The U.S. government has restricted the export of computer chips used for supercomputers and AI to Russia and China. NVIDIA said in a statement to the SEC that the government informed the company of a new licensing requirement relating to one of its current (A100) and one future (H100) GPUs, which were designed to accelerate machine learning tasks.
The government told NVIDIA that such restrictions would eliminate the risk that the affected products would be used for military purposes by either country. According to The New York Times, AI and machine learning are used in a variety of fields, including weapons development and surveillance.
A spokesman for the U.S. Department of Commerce told Reuters: “While we are not in a position to outline specific policy changes at this time, we are taking a comprehensive approach to implement additional actions necessary related to technologies, end-uses, and end-users to protect US national security and foreign policy interests.”
The requirement comes after another export control rule was issued in mid-August that would prevent China from gaining access to advanced chip design software needed to produce next-generation processors.

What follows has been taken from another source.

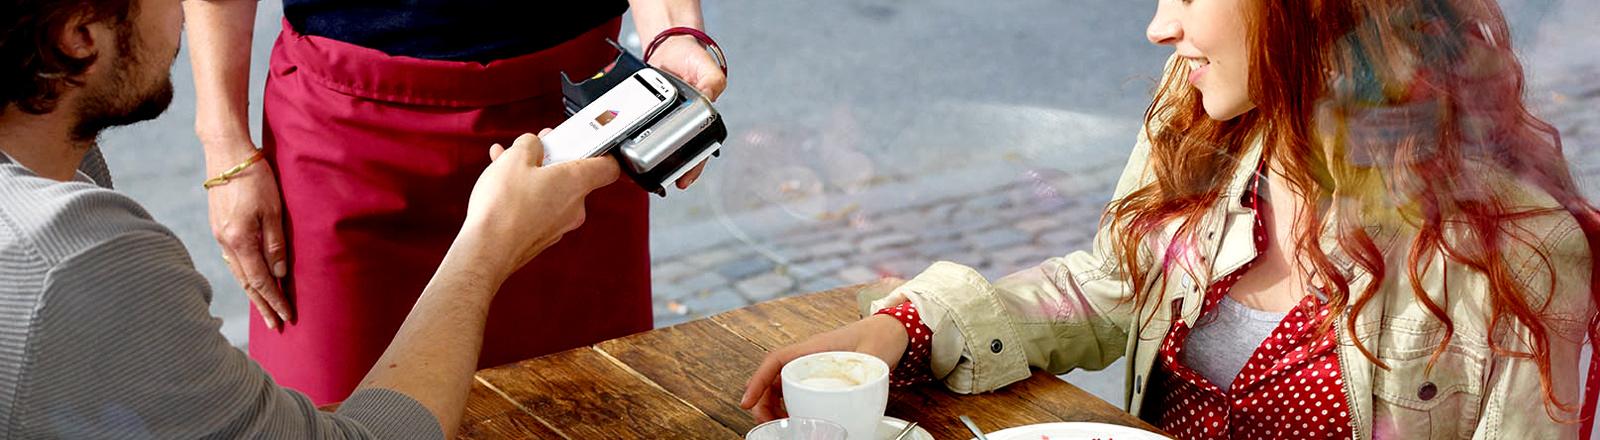 Ein Mann bezahlt in einem Café mit seinem Smartphone.
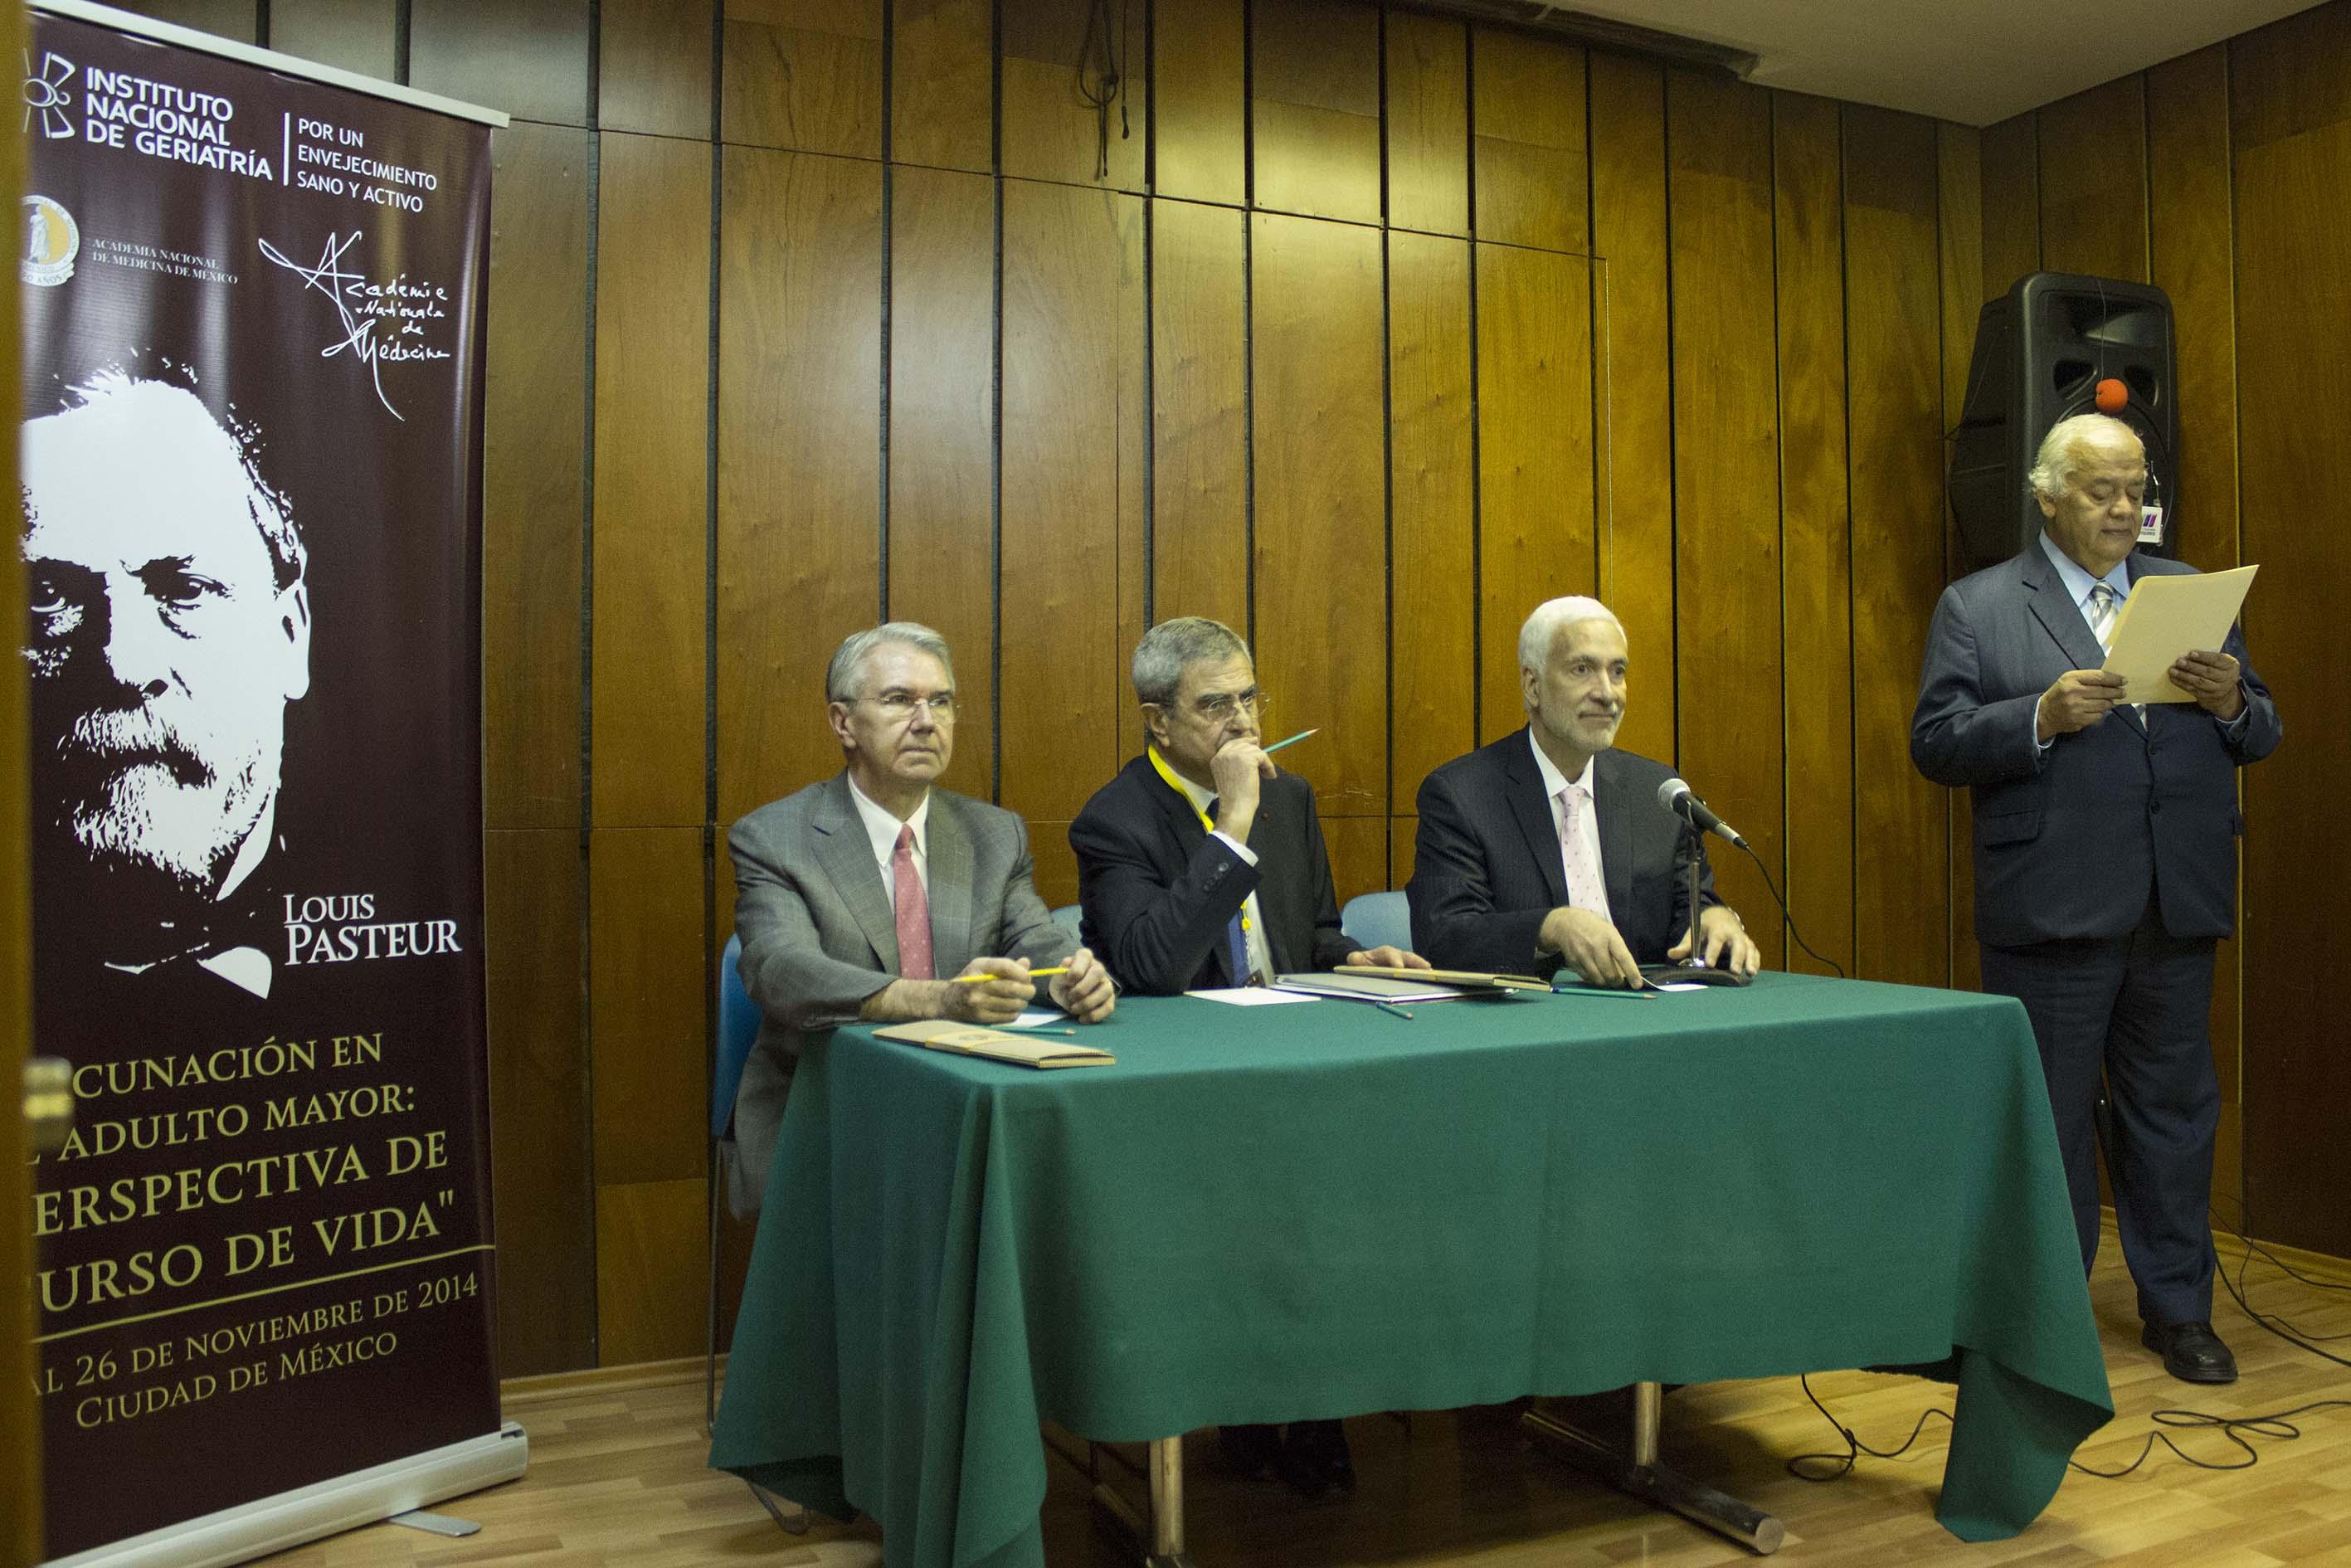 CONFERENCIA DE PRENSA VACUNACIu00D3N EN EL ADULTO MAYOR PERSPECTIVA DE CURSO DE VIDA261114  1 .jpg

NVIDIA said this restriction could prevent it from completing the development of the H100 chip. The company no longer sells its products in Russia, but it expects to make about $400 million from sales to Chinese companies in the third fiscal quarter. It could have used that money to develop future products, but now it could lose all those potential sales if its Chinese customers refuse to buy its alternative offerings or if the government refuses to license its largest customers.
In turn, an AMD spokesperson informed Reuters that while the new licensing requirement will prevent the company from exporting its MI250 chips to China, the company doesn’t believe it will have much impact on its business.